▶ HOW TO COMPLETE THIS TASK:
Copy the data exactly, pictures aside.
*** Opening of COLLECTED DATA ***
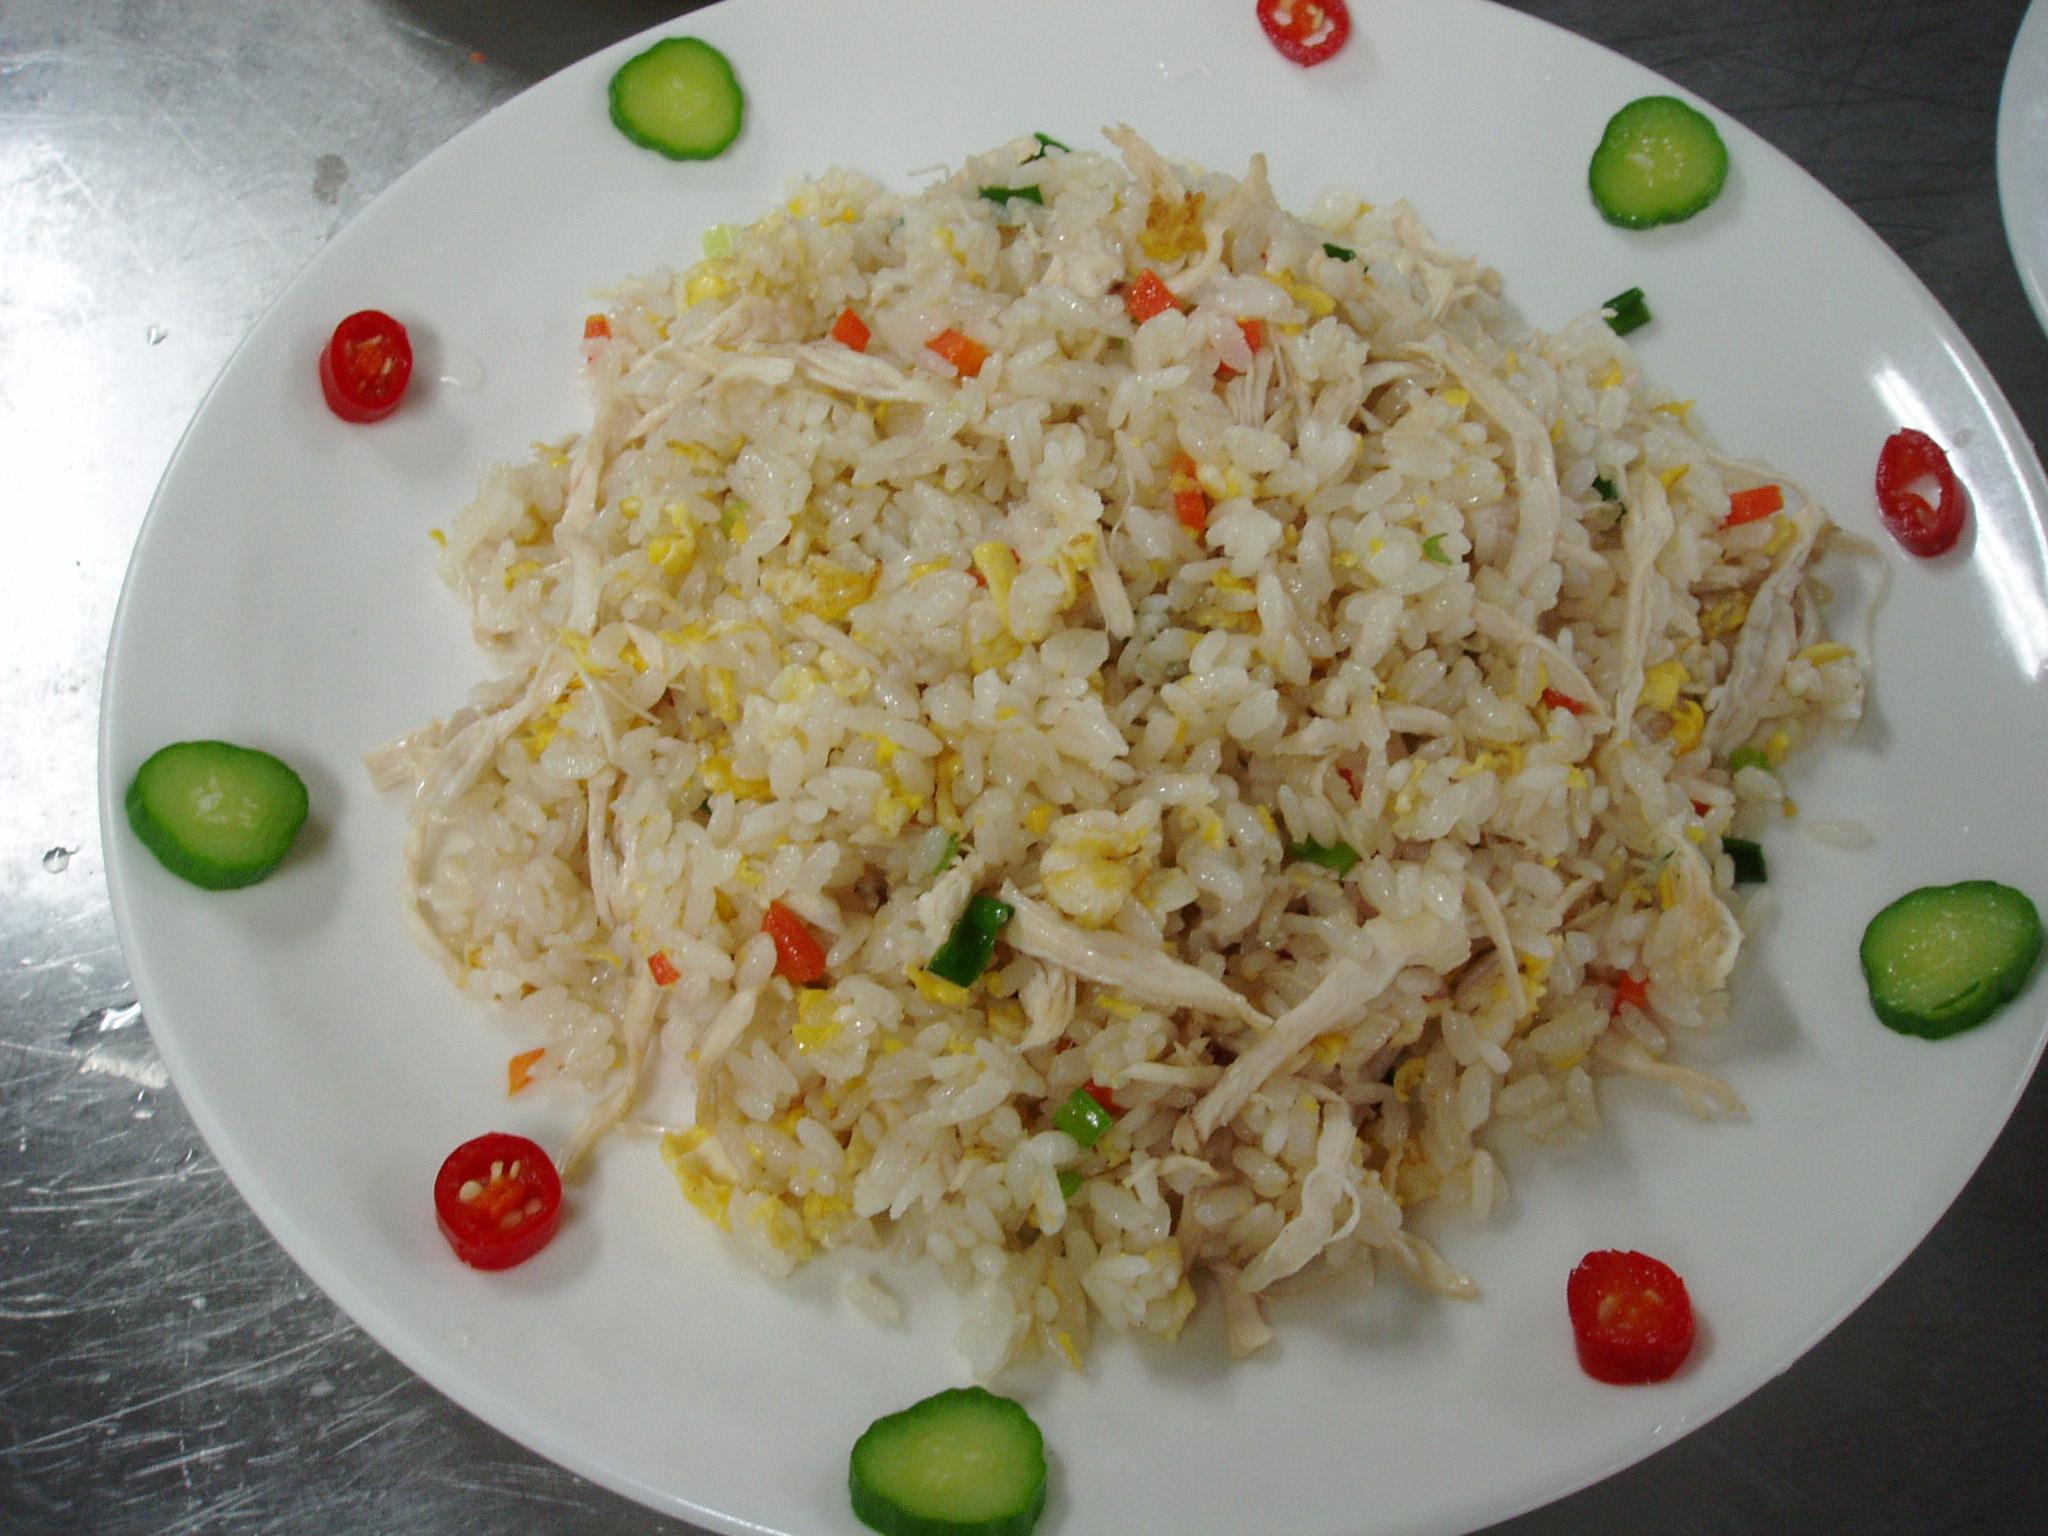 圖5,炒飯以小黃瓜圓形片和辣椒圓形片裝飾。
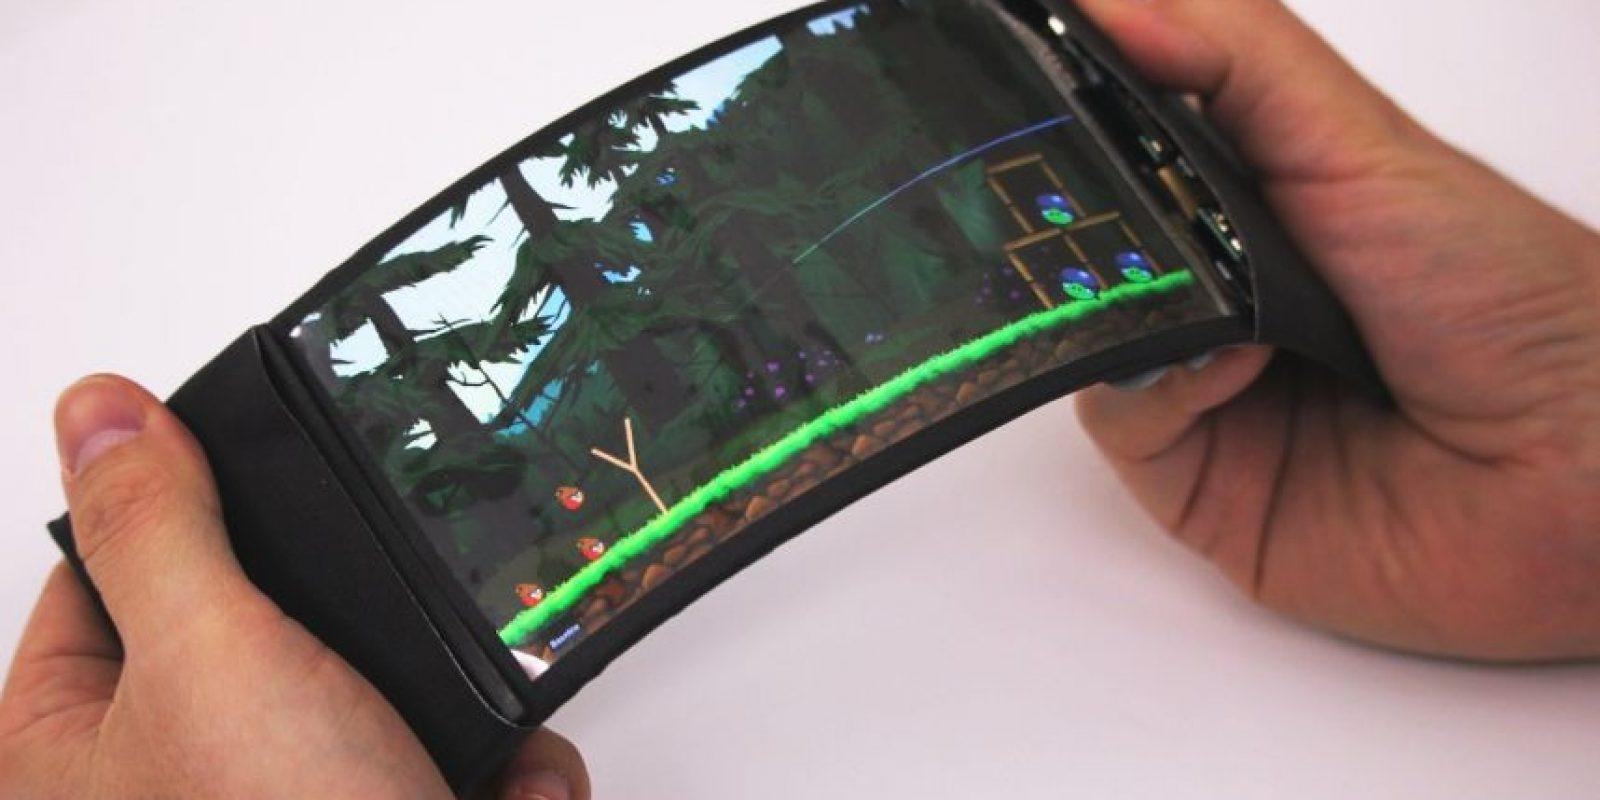 Así luce el smartphone con pantalla flexible. Foto:Vía hml.queensu.ca
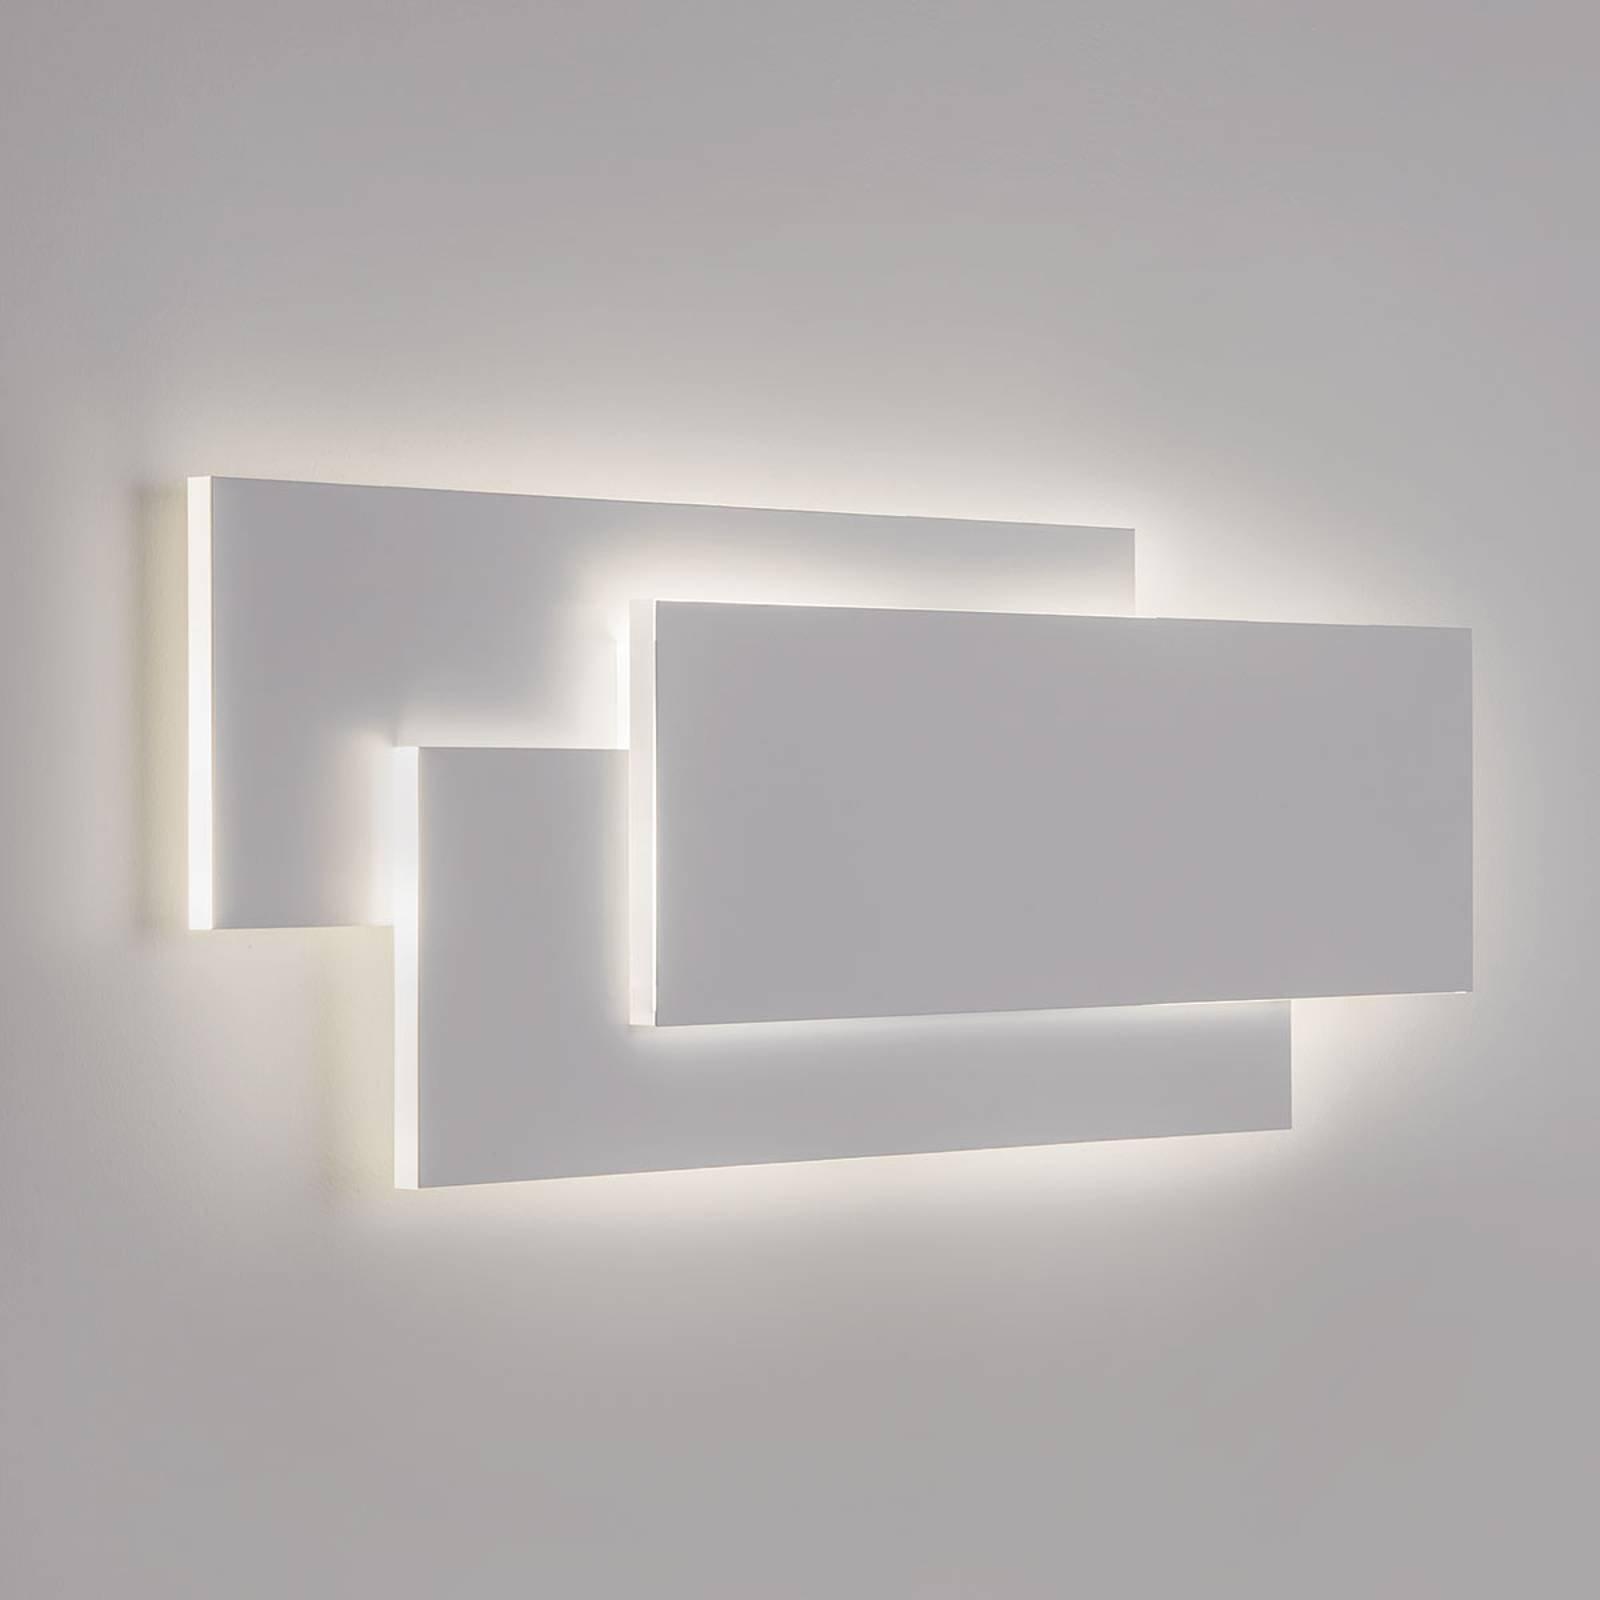 Toppmoderne LED-vegglampe Edge i hvitt
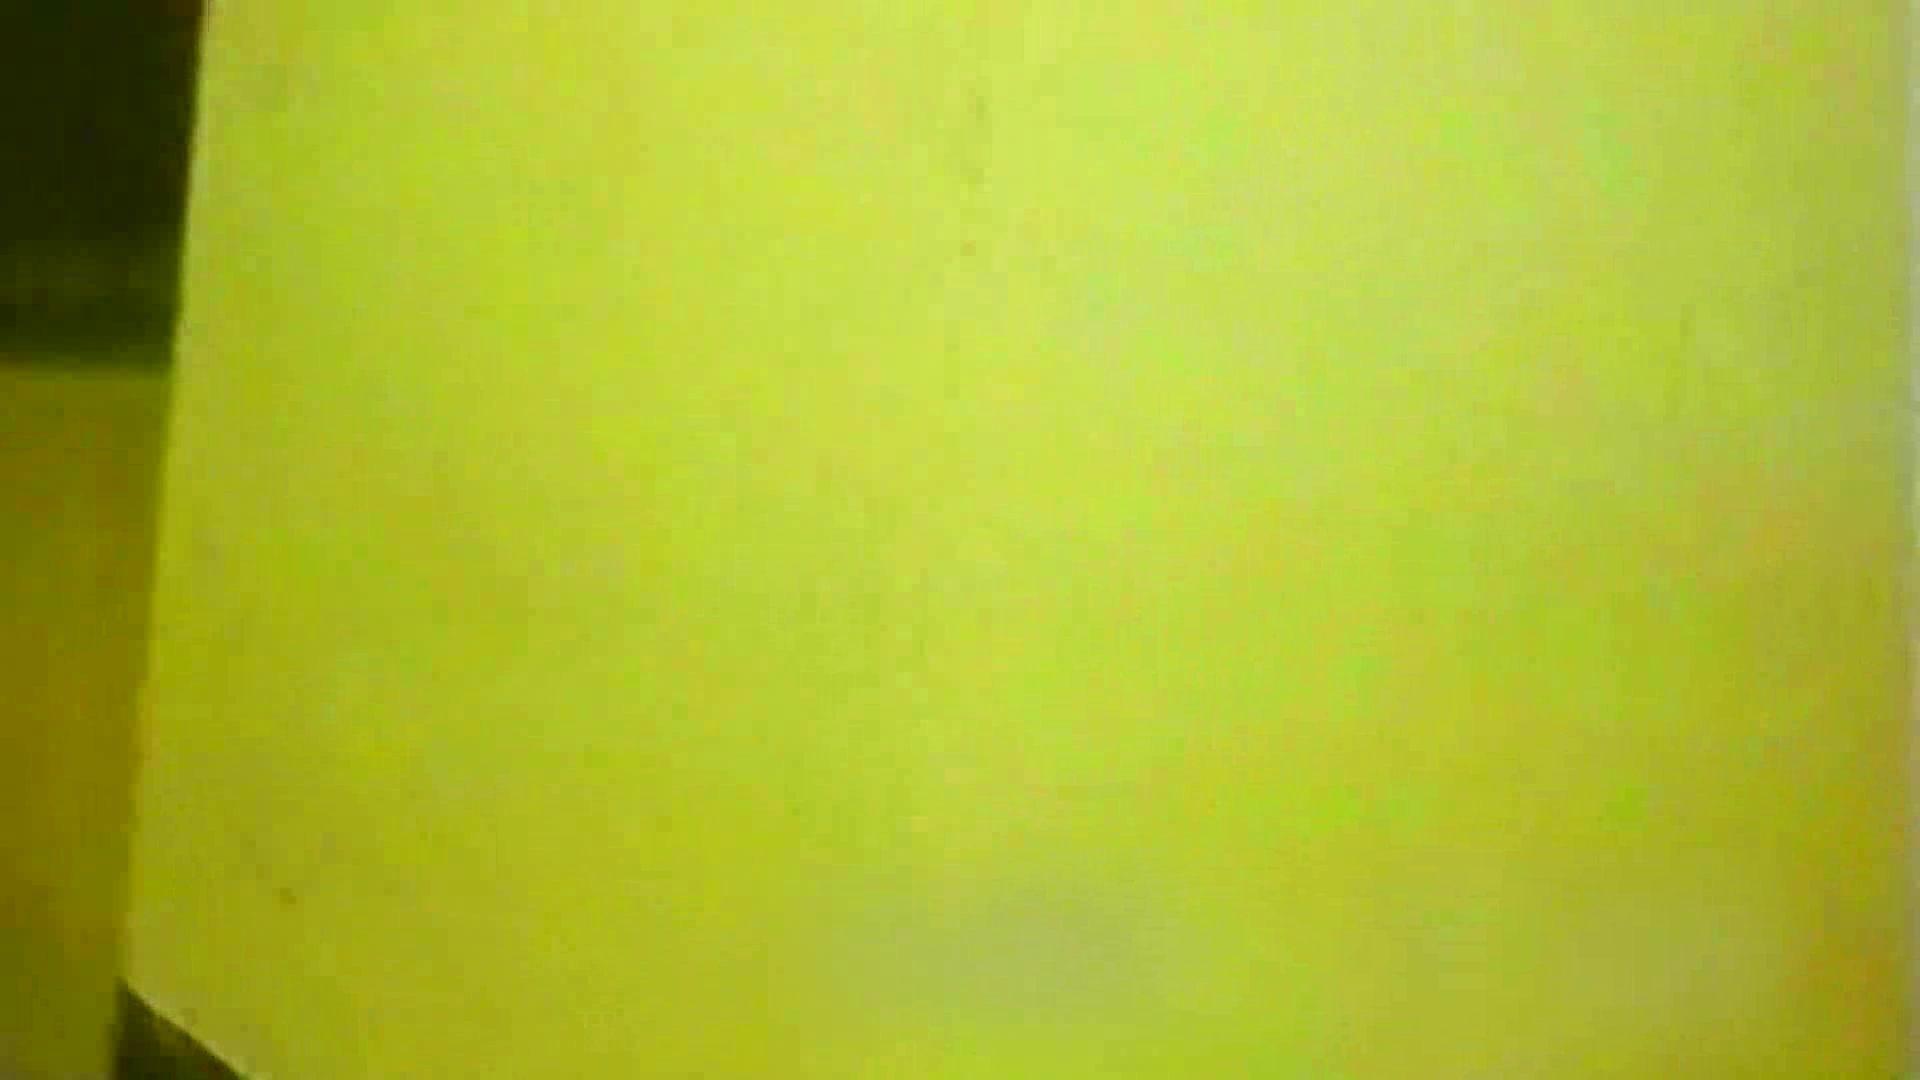 行くぜ!がっつり男風呂!Vol.05 裸 | イケメン合体  52連発 22
*** Close of COLLECTED DATA ***
▶ RESULT:
 圖5,炒飯以小黃瓜圓形片和辣椒圓形片裝飾。
 Así luce el smartphone con pantalla flexible. Foto:Vía hml.queensu.ca
 Toppmoderne LED-vegglampe Edge i hvitt
 行くぜ!がっつり男風呂!Vol.05 裸 | イケメン合体  52連発 22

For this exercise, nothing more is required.